Los colombianos acuden a las urnas este domingo con una oportunidad histórica: votar por un cambio real y rechazar la narrativa –tan útil para élites globales como poderes locales– de que Colombia es un país de derecha.

Ude las opiniones más arraigadas en el sentido común latinoamericano es la creencia de que Colombia es un país de derechas. No faltan motivos para sostener esta afirmación, si prestamos atención a los vínculos que han tenido los sucesivos gobiernos de Colombia con los Estados Unidos.

Sin ir más lejos, tras el conflicto desatado en Ucrania, el gobierno de Joe Biden puso en marcha una batería de negociaciones para oficializar, hace pocos días, a Colombia como aliado estratégico no perteneciente a la OTAN. Habría que ser muy ingenuos para no sospechar que decisiones como estas ponen en riesgo la soberanía de la región latinoamericana en materia de seguridad estratégico-militar.

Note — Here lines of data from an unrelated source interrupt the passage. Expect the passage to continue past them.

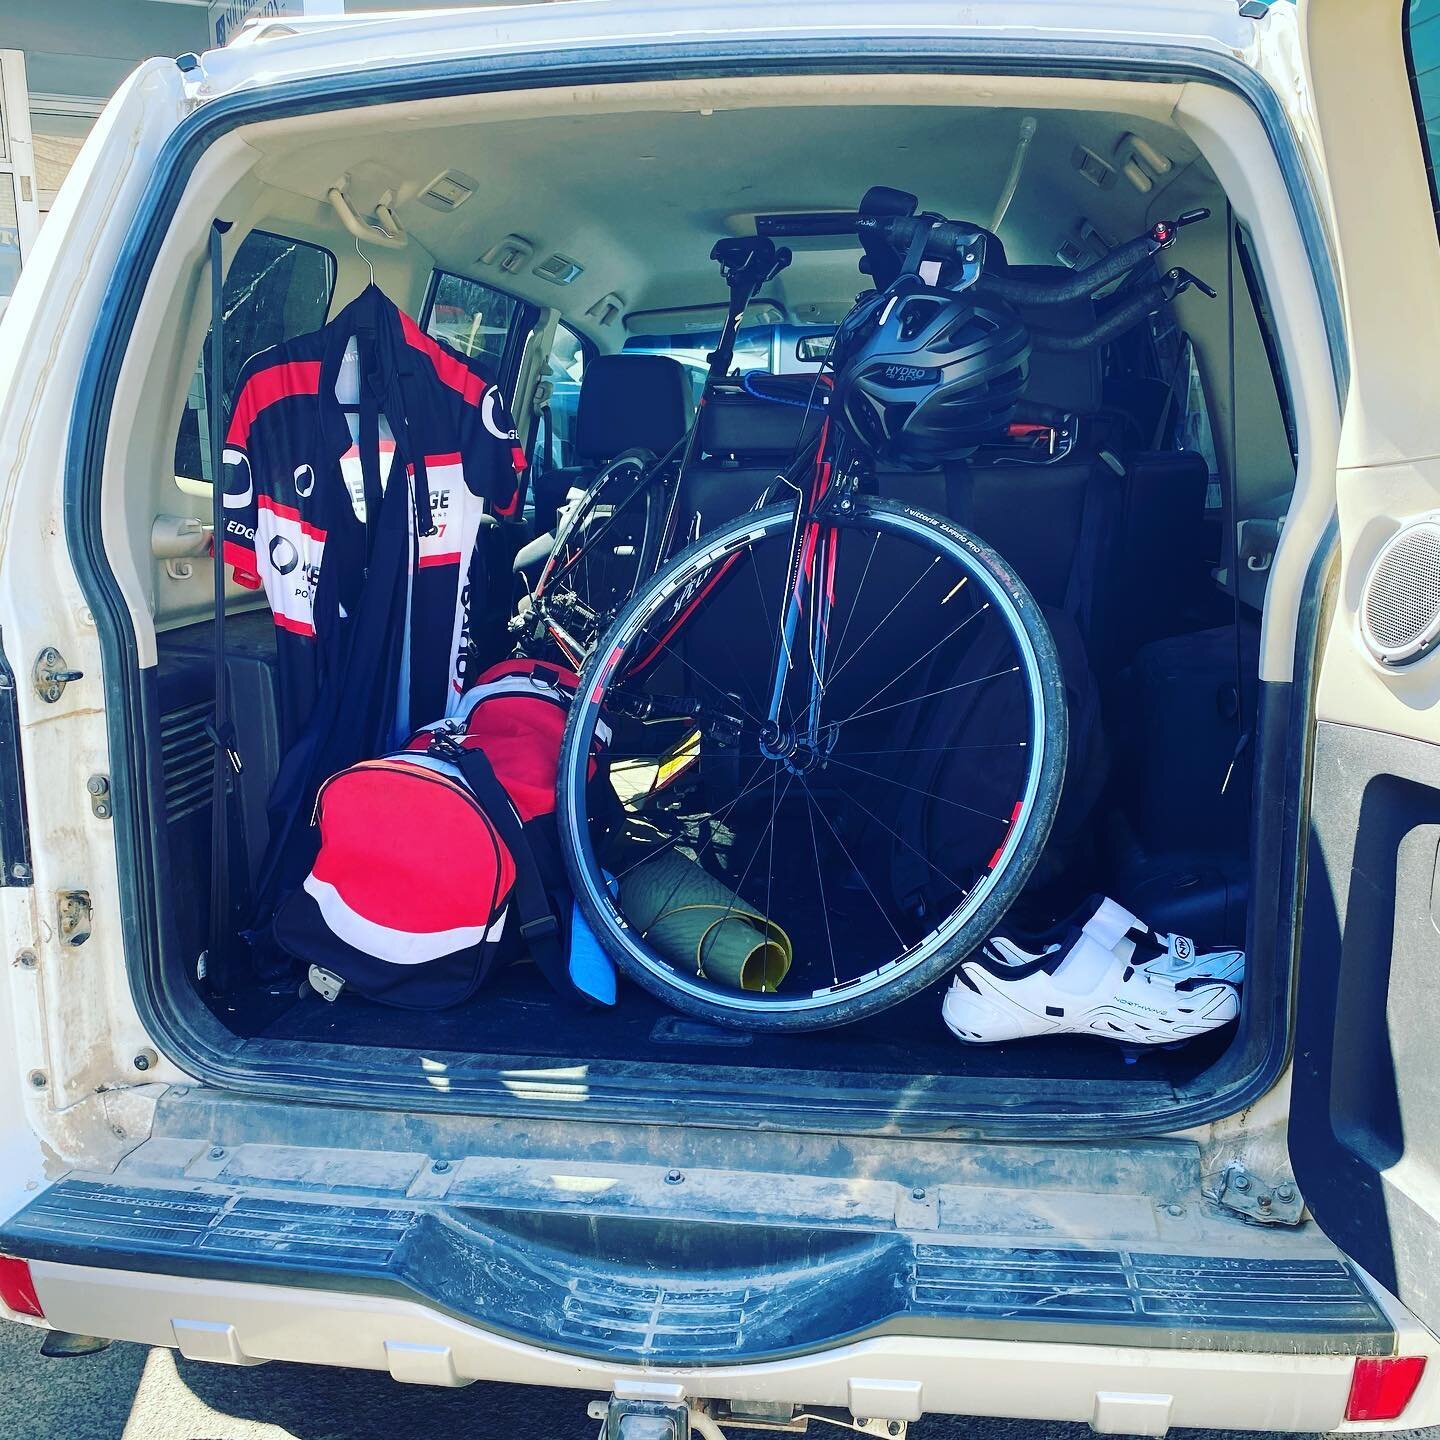 The back of my Pajero has never looked so good
.
Clearly I've developed a red theme - but hey, red = fast right? 
.
I've been impressed with the amount of planning and coordination #triathlon takes. Perhaps that is another element of the discipline
.

Tampoco es desconocido el papel del uribismo como motor para la expansión de la extrema derecha a nivel continental. Sin ir demasiado lejos, esta apuesta puede observarse desde los desopilantes y fallidos intentos, hace unos años, de instalar en el Cono Sur el combate conjunto contra la supuesta alianza Mapuche-FARC, pasando por la participación de militares colombianos en el magnicidio de Haití, hasta el hecho de haber convertido a Miami en un centro de operaciones del crimen organizado y los golpes de Estado regionales.

Pero no hay que confundir el carácter servil de las oligarquías locales con la valentía del pueblo colombiano. Y es a partir de esta distinción importante donde la tesis de que Colombia es un país de derechas comienza a desmoronarse.

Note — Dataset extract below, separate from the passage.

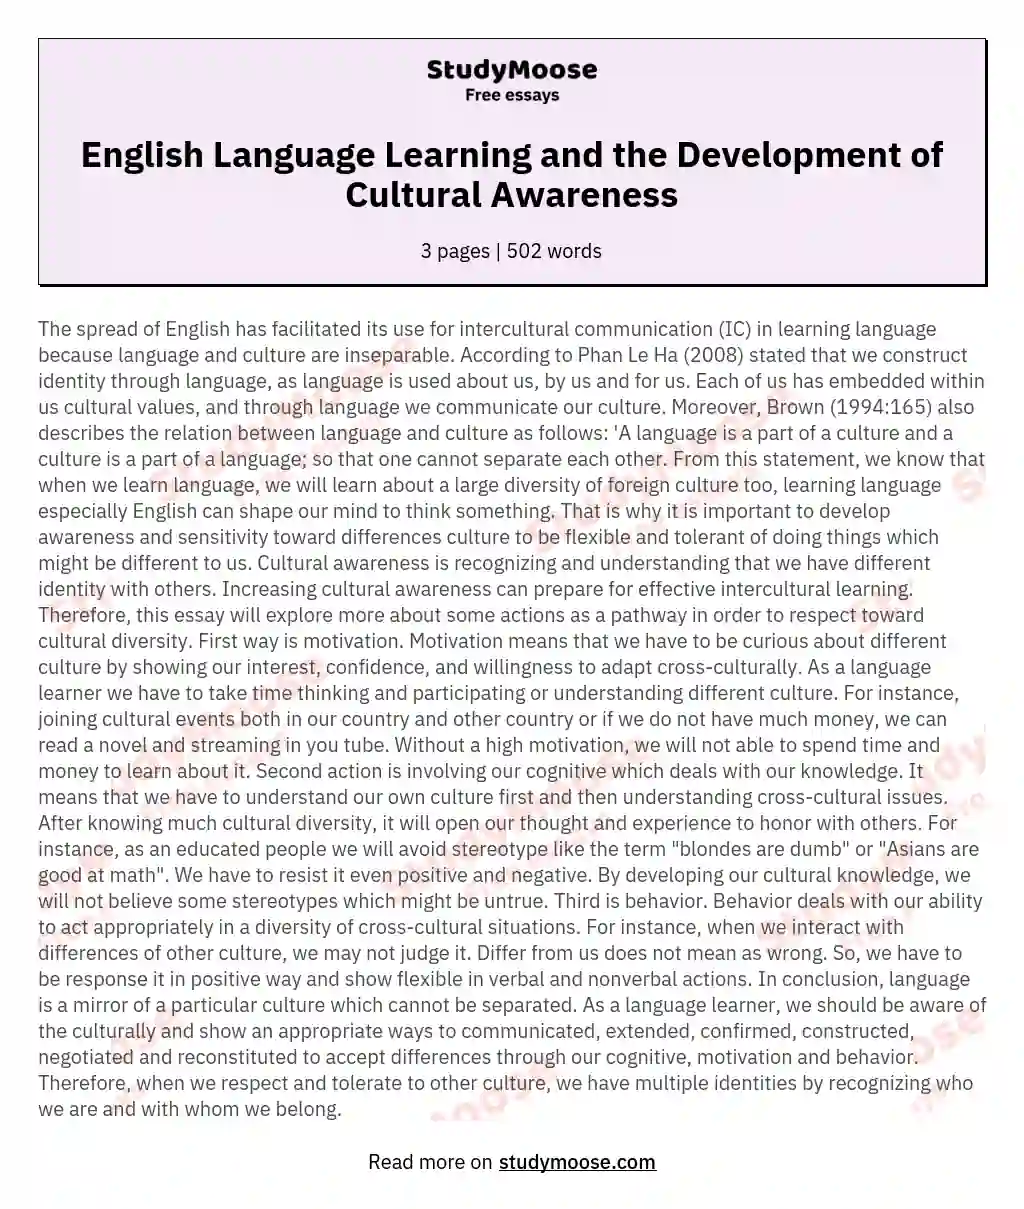 English Language Learning and the Development of Cultural Awareness essay

Lo primero que habría que indicar es la responsabilidad de los medios de comunicación en la construcción de una radiografía distorsionada del pueblo colombiano, a partir de la derrota en 2016 del SÍ en el plebiscito por los Acuerdos de Paz y el posterior triunfo a la Presidencia del candidato uribista Iván Duque Márquez.

En este sentido, es importante recordar dos cosas que poco eco han tenido en la prensa nacional e internacional. Por un lado, el desprecio hacia lo popular por parte del gobierno de Juan Manuel Santos y sus dificultades para transmitir lo qué se jugaba con el plebiscito, redactado con un barroquismo que no ayudaba en lo más mínimo a comprender qué significaba el sí y qué significaba el no en la papeleta. Sumado al hecho de no haber advertido que el uribismo, muy hábil en pedagogía popular, usaría ese mismo plebiscito para confundir los términos del acuerdo, meter miedo a la población y crear la exitosa y falaz identificación de la paz con la impunidad y ciertos privilegios para los actores armados.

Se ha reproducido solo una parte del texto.